● STORED DATA:
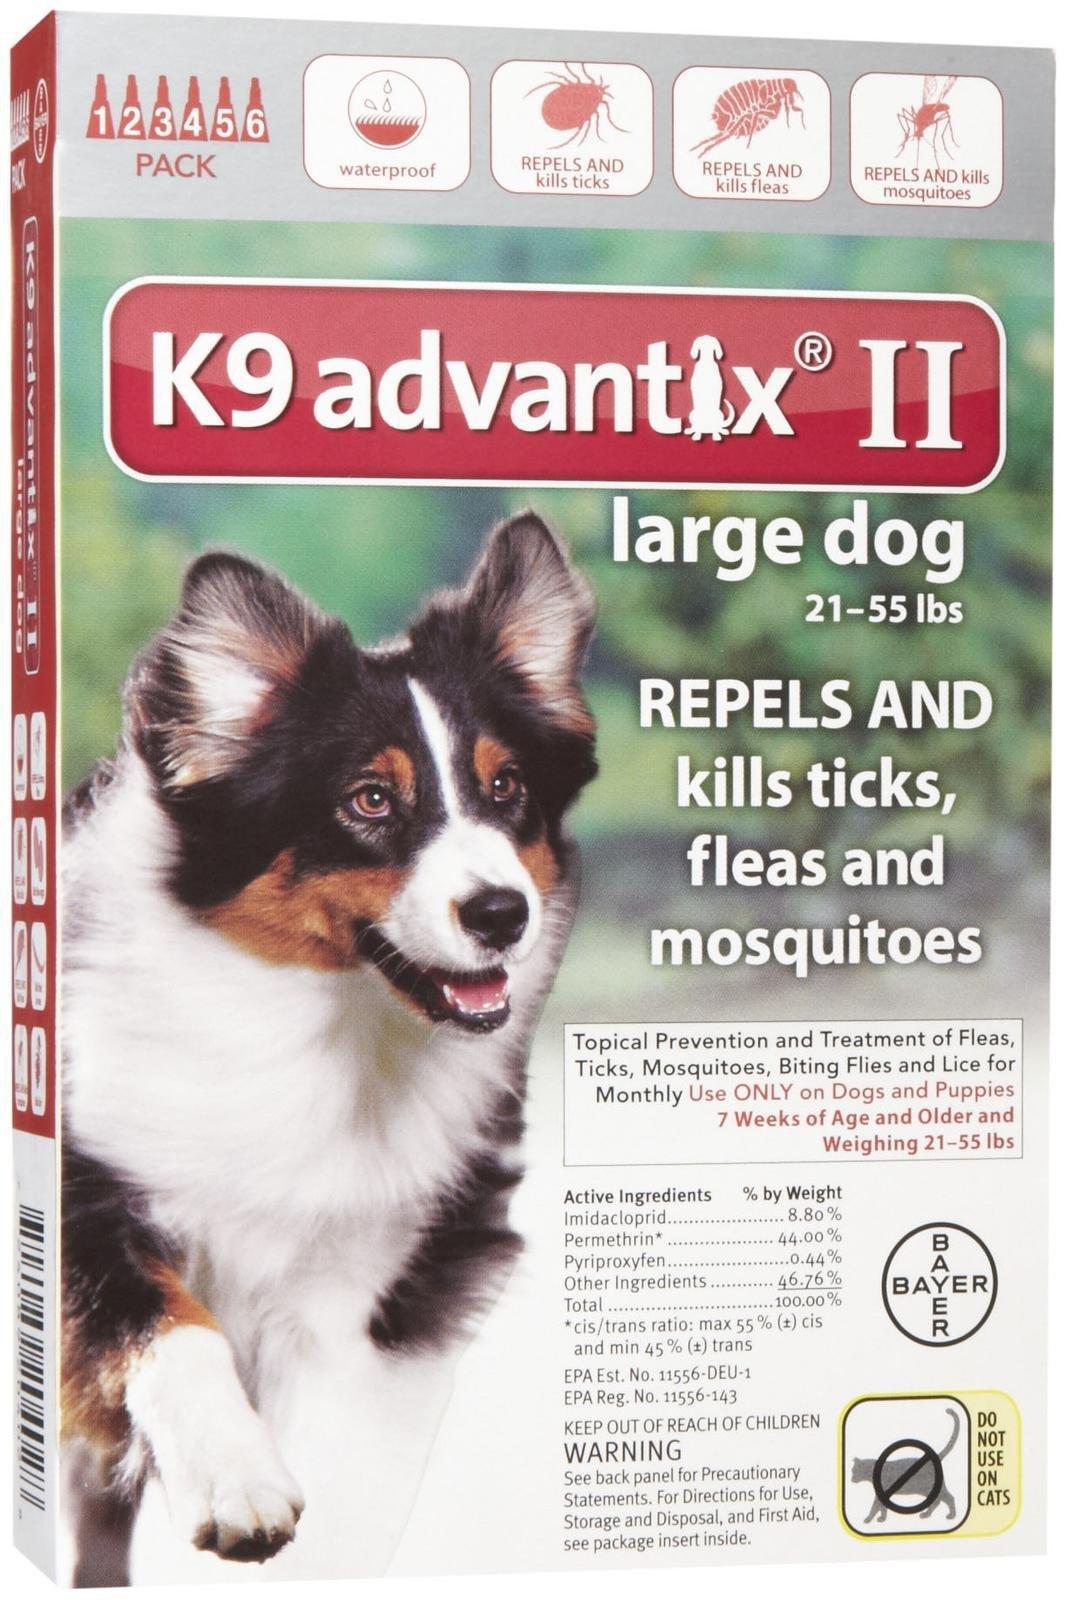 K9 Advantix II Flea and Tick Treatment - Large Dog - 6 ct
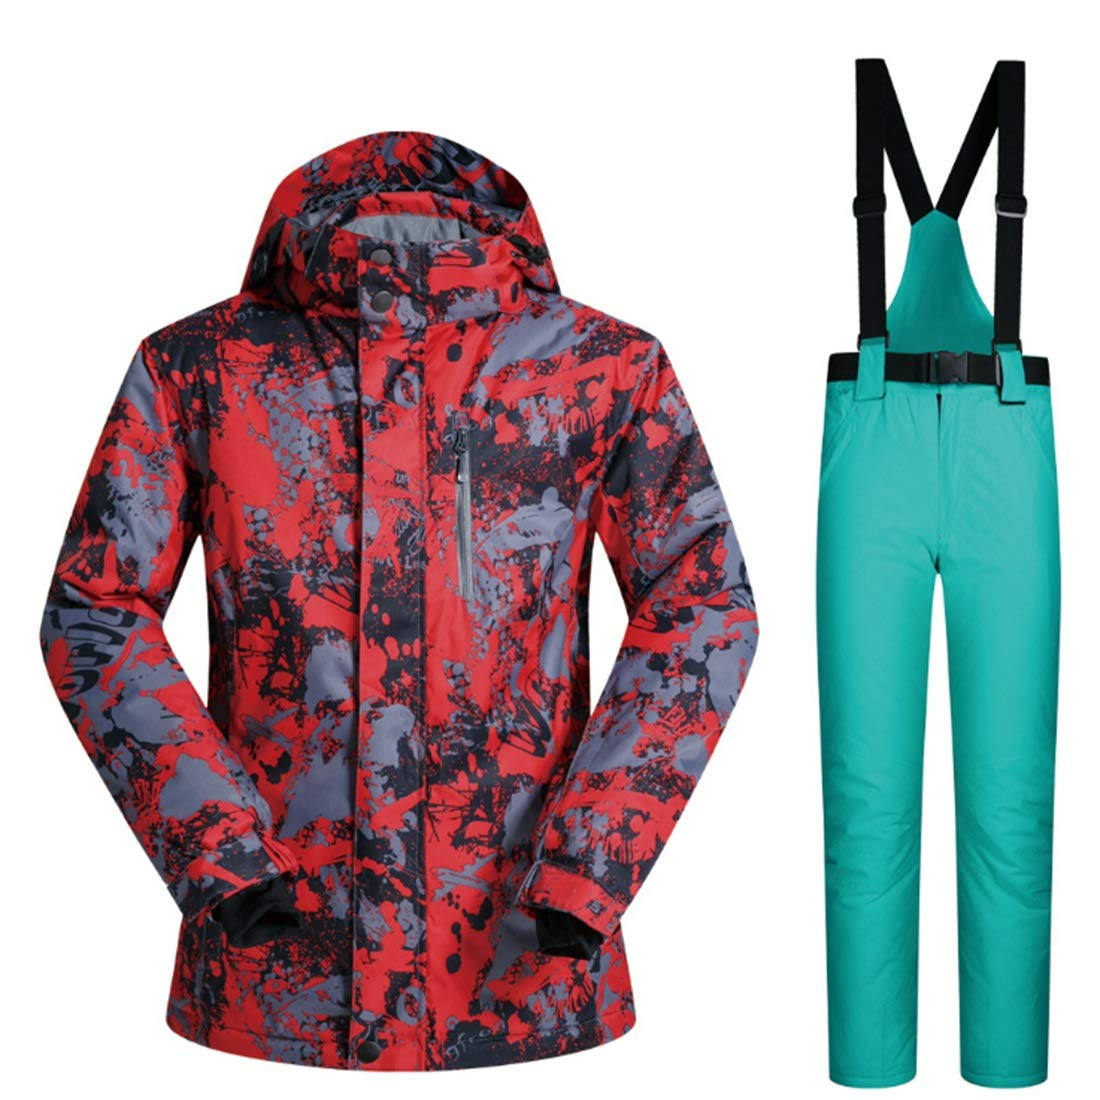 Cvthfyky Herren Mountain Waterproof Ski Jacket Windproof Regenjacke und Hose Set
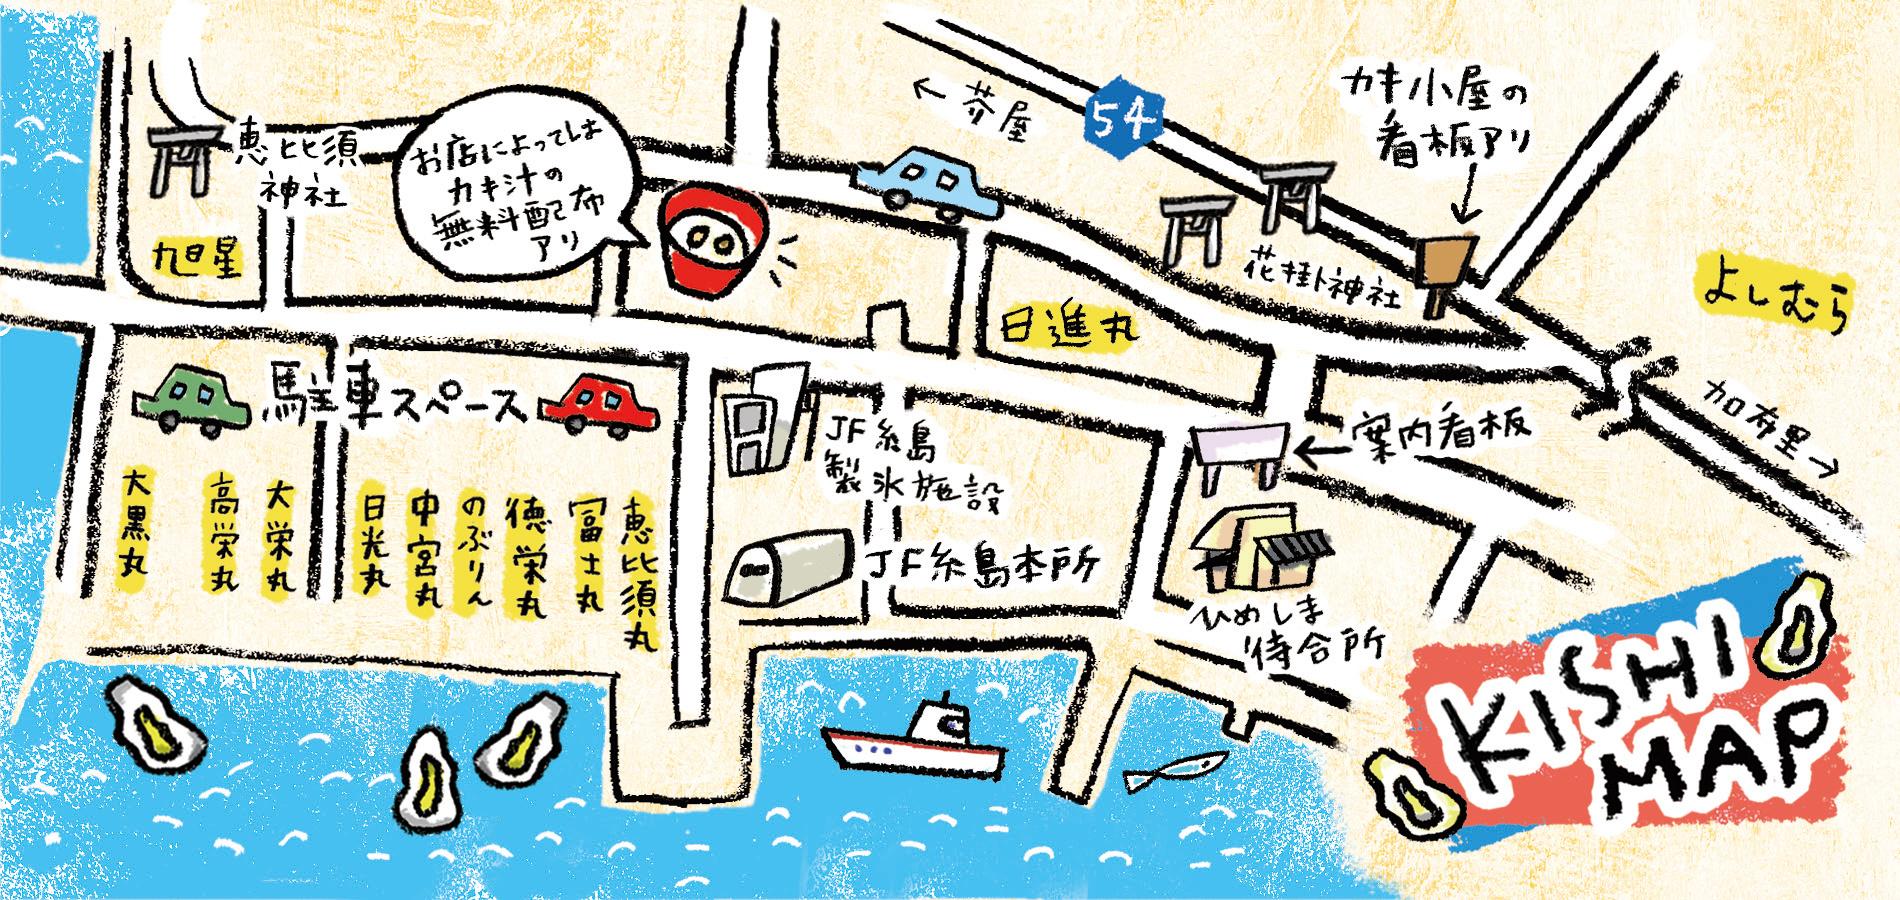 岐志漁港 牡蠣小屋イラストマップ

● EXERCISE PROMPT:
The data must come back word for word, with every picture removed.

● ANSWER SPACE:
 K9 Advantix II Flea and Tick Treatment - Large Dog - 6 ct
 Cvthfyky Herren Mountain Waterproof Ski Jacket Windproof Regenjacke und Hose Set
 岐志漁港 牡蠣小屋イラストマップ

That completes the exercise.